Reputation: 11337
I've a file with three columns representing a date and a min/max temperature value.
01012010 4.5 15.9
I need to calculate, for each day, the average. This seems pretty easy to do with a UDF but I would like to know if there's a way to do it without it.

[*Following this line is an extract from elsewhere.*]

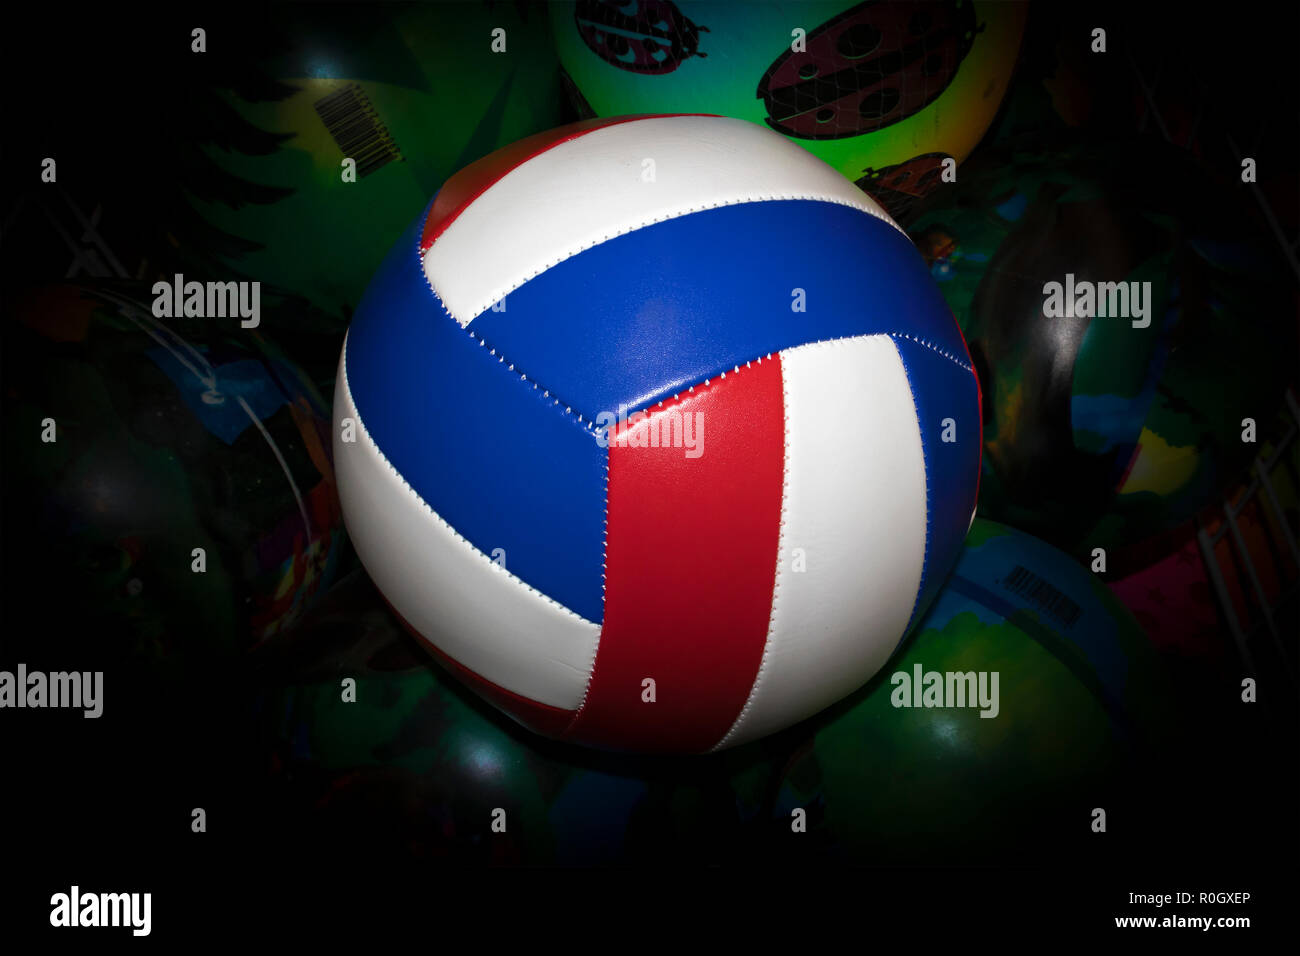 Striped volley-ball balle contre peint en vert avec des boules de vignette sombre Banque D'Images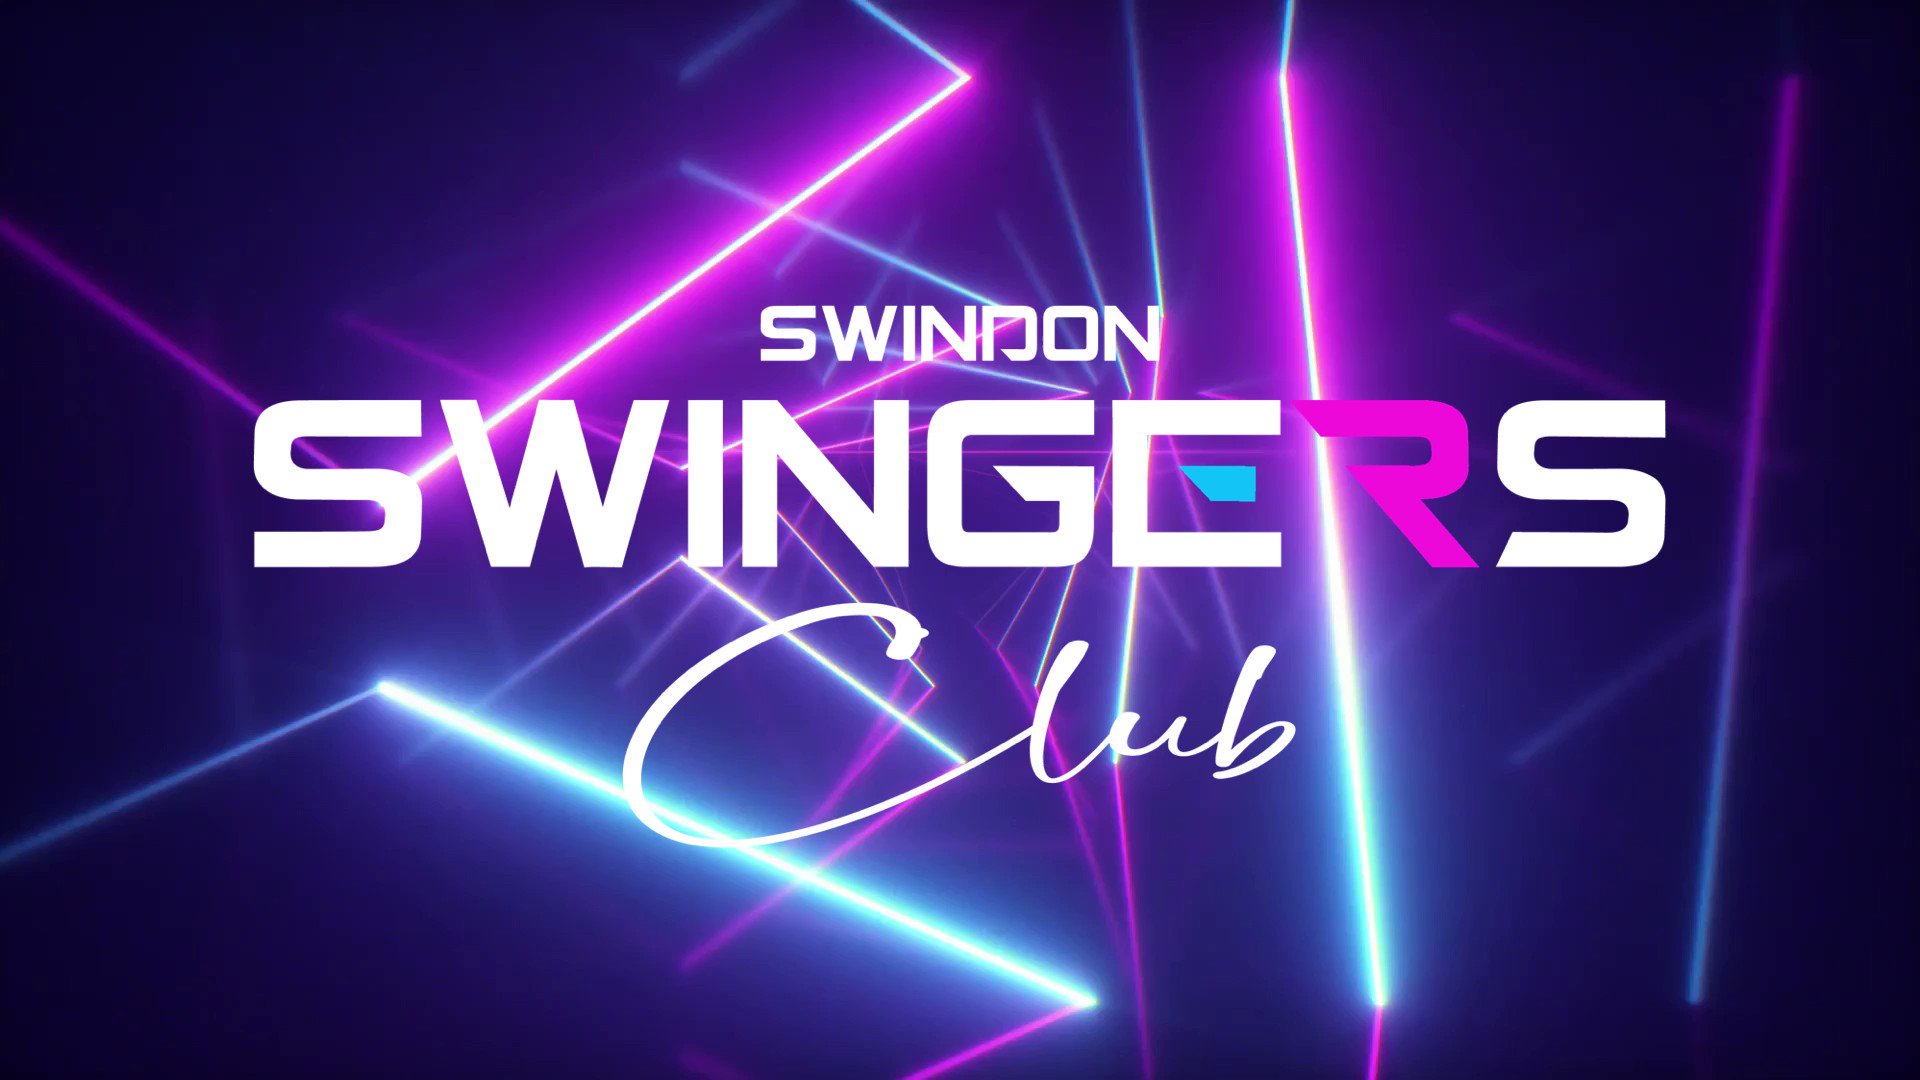 Swindon swingers club

I managed to achieve something like this (concatenating the temperatures and then flattening them) but it seems really too complex to me:
table = LOAD 'e7/temp.csv' USING PigStorage('\t') as (day:chararray, min:float, max:float);
day_group = FOREACH table GENERATE day, FLATTEN(TOKENIZE( CONCAT(CONCAT( (chararray)min, ','), (chararray)max) )) as minMax;
day_group_cast = FOREACH day_group GENERATE day, (float) minMax as minMax;
day_mean_group = GROUP day_group_cast BY day;
day_mean = FOREACH day_mean_group GENERATE group as day, AVG(day_group_cast.minMax) as minMax;
Upvotes: 0
Views: 856
Reputation: 2287
As per @Enrichman comments, below snippet would be suffice to achieve the objective.
temp_data = LOAD 'temp.csv' USING PigStorage(',') AS (day:chararray, min:float, max:float);
req_stats = FOREACH temp_data GENERATE day, (min+max)/2 AS avg_temp;
Upvotes: 1